Boltzmann Brains, Simulations and self refuting hypothesis
Let’s suppose, for the purposes of this post, that our best model of dark energy is such that an exponentially vast number of Boltzman brains will exist in the far future. The idea that we may be in an ancestor simulation is similar in its self refuting nature but slightly vaguer, as it depends on the likely goals of future societies.
What do I mean when I say that these arguments are self refuting? I mean that accepting the conclusion seems to give a good reason to reject the premise. Once you actually accept that you are a Boltzmann brain, all your reasoning about the nature of dark energy becomes random noise. There is no reason to think that you have the slightest clue about how the universe works. We seem to be getting evidence that all our evidence is nonsense, including the evidence that told us that. The same holds for the simulation hypothesis, unless you conjecture that all civilizations make ancestor simulations almost exclusively.
What’s actually going on here. We have three hypotheses.
1) No Boltzmann brains, the magic dark energy fairy stops them being created somehow. (Universe A)
2) Boltzmann brains exist, And I am not one. (Universe B)
3) I am a Boltzmann brain. (Universe B)
As all these hypothesis fit the data, we have to tell them apart on priors, and anthropic decision theory, with the confusion coming from not having decided on an anthropic theory to use, but ad-lib-ing it with intuition.
SIA Selects from all possible observers, and so tells you that 3) is by far the most likely.
SSA, with an Ocamian Prior says that Universe B is slightly more likely, because it takes fewer bits to specify. However most of the observers in Universe B are Boltzmann brains seeing random gibberish. The observation of any kind of pattern gives an overwhelming update towards option 1).
If we choose to minimize the sum of both the amount of info needed to describe the universe, and the amount needed to specify your place within it, then we find that Universe B is simpler to describe, and it is far easier to describe the position of an evolved life-form near the beginning of time, than to locate a Boltzmann brain around years in. An AIXI that is simulating the rest of the universe, with patching rules to match its actions up to the world, will act as if it believes option 2).
Interesting post, but I found some typos:
“Lets” should be changed to “Let’s.”
“Whats” should be changed to “What’s,” at the very least. Additionally, these sentences seem off. The first one is a fragment, and it seems like they should be joined somehow.
Use the plural form here.
Did you intend to write a full sentence here?
Fixed. Thanks.
You’re welcome.
This is the reverse of the usual argument that we should not believe we are going to have a googol descendants. Usually one says: to be living at the beginning of time means that you belong to a very special minority, therefore it would take more indexical information to single you out, compared to someone from the middle of history.

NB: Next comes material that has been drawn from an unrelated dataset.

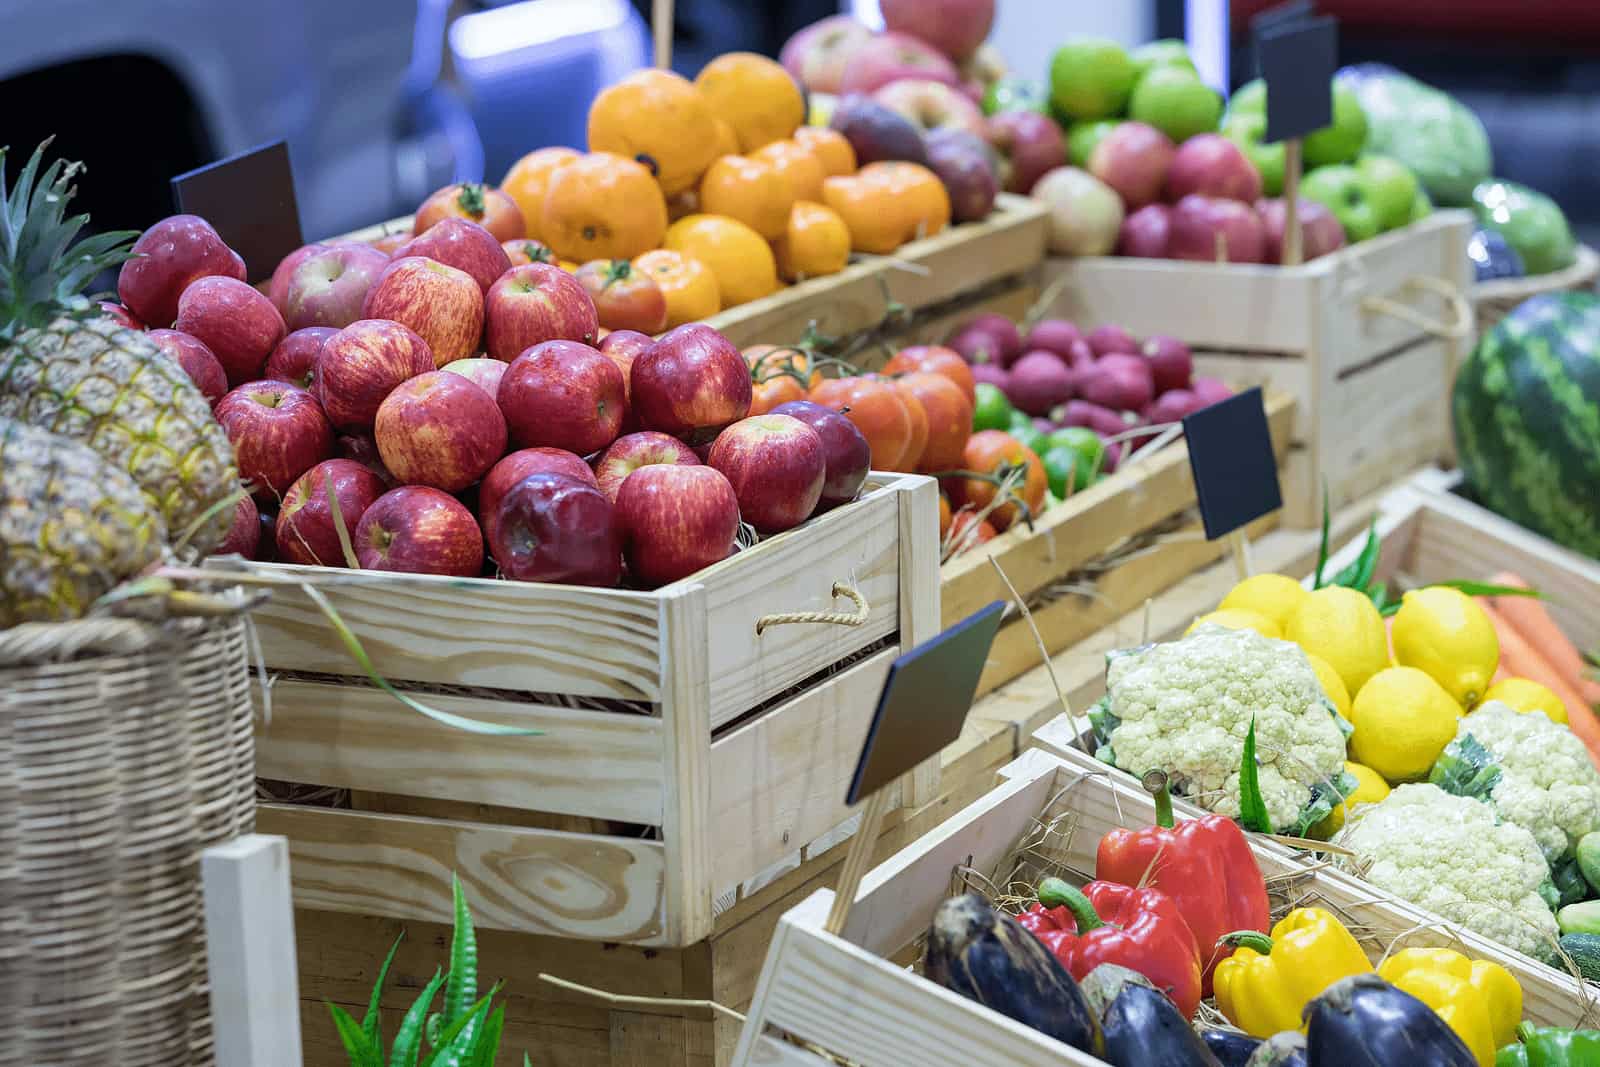 reduce waste - buy Fresh produce
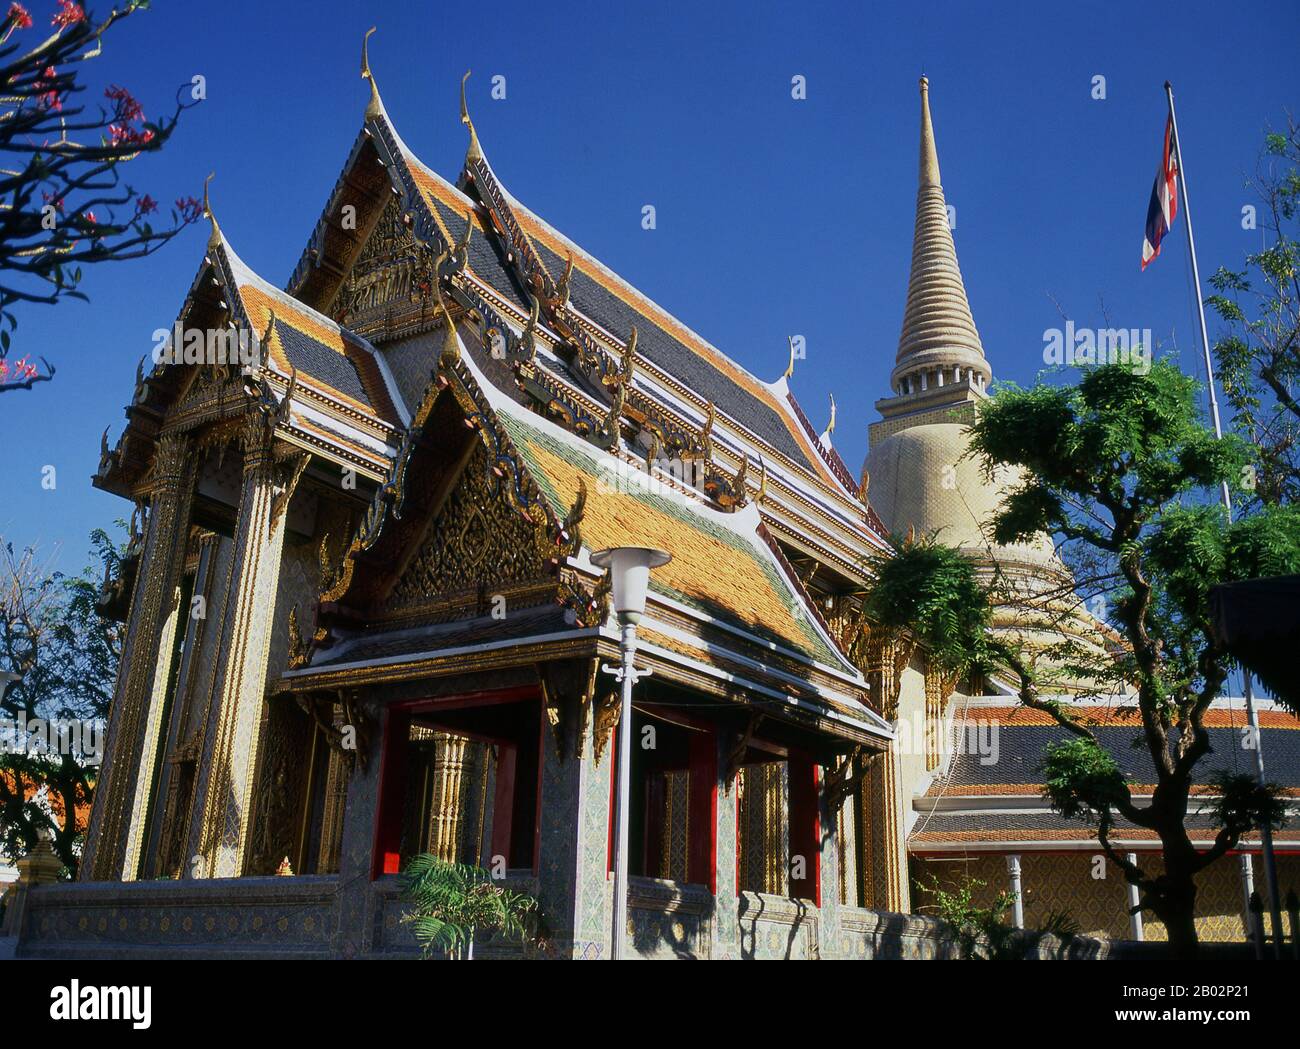 Wat Ratchabophit (Rajabophit) fu costruito durante il regno del re Chulalongkorn (Rama V, 1868 - 1910). Il tempio fonde gli stili architettonici orientale e occidentale ed è noto per il suo chiostro circolare che racchiude i grandi godi in stile Sri Lanka e che collega l'ubosot (bot) a nord con il viharn a sud. Foto Stock

I like that you brought up Popper’s critique of hard determinism. yes it seems to me that we run into the same paradox by first positing a coherent and cleverly comprehensive universe in which Individual (1) One, that would be me in this case, in which I suddenly find myself called to ponder the intra and extra mural probabilities deriving from whichever ‘creation myth’ I happen to select. That prior sentence is so contorted it barely sqeaks by the proverbial RAZOR, or does it? You tell me.
Why is it assumed that we are only in *one* of these options? Does it not make no difference, to the point that you can say we exist in all of them to the extent that they are possible? That a BB may not coherently exist further down its own timestream doesn’t matter at all, because temporal contiguity is not necessary.
Alright, if you want to formalize that in the context of a big universe, which one has the super majority of measure or magic reality fluid. Which should we act as if we are.
Consistency seems to be the only real fallback
Interesting. You know, Karl Popper gives a similar argument about the self-refuting nature of hard determinism: Once you accept that everything is determinate, the concept of an argument, a position, communication, or even information at all, all becomes kind of superfluous and incoherent.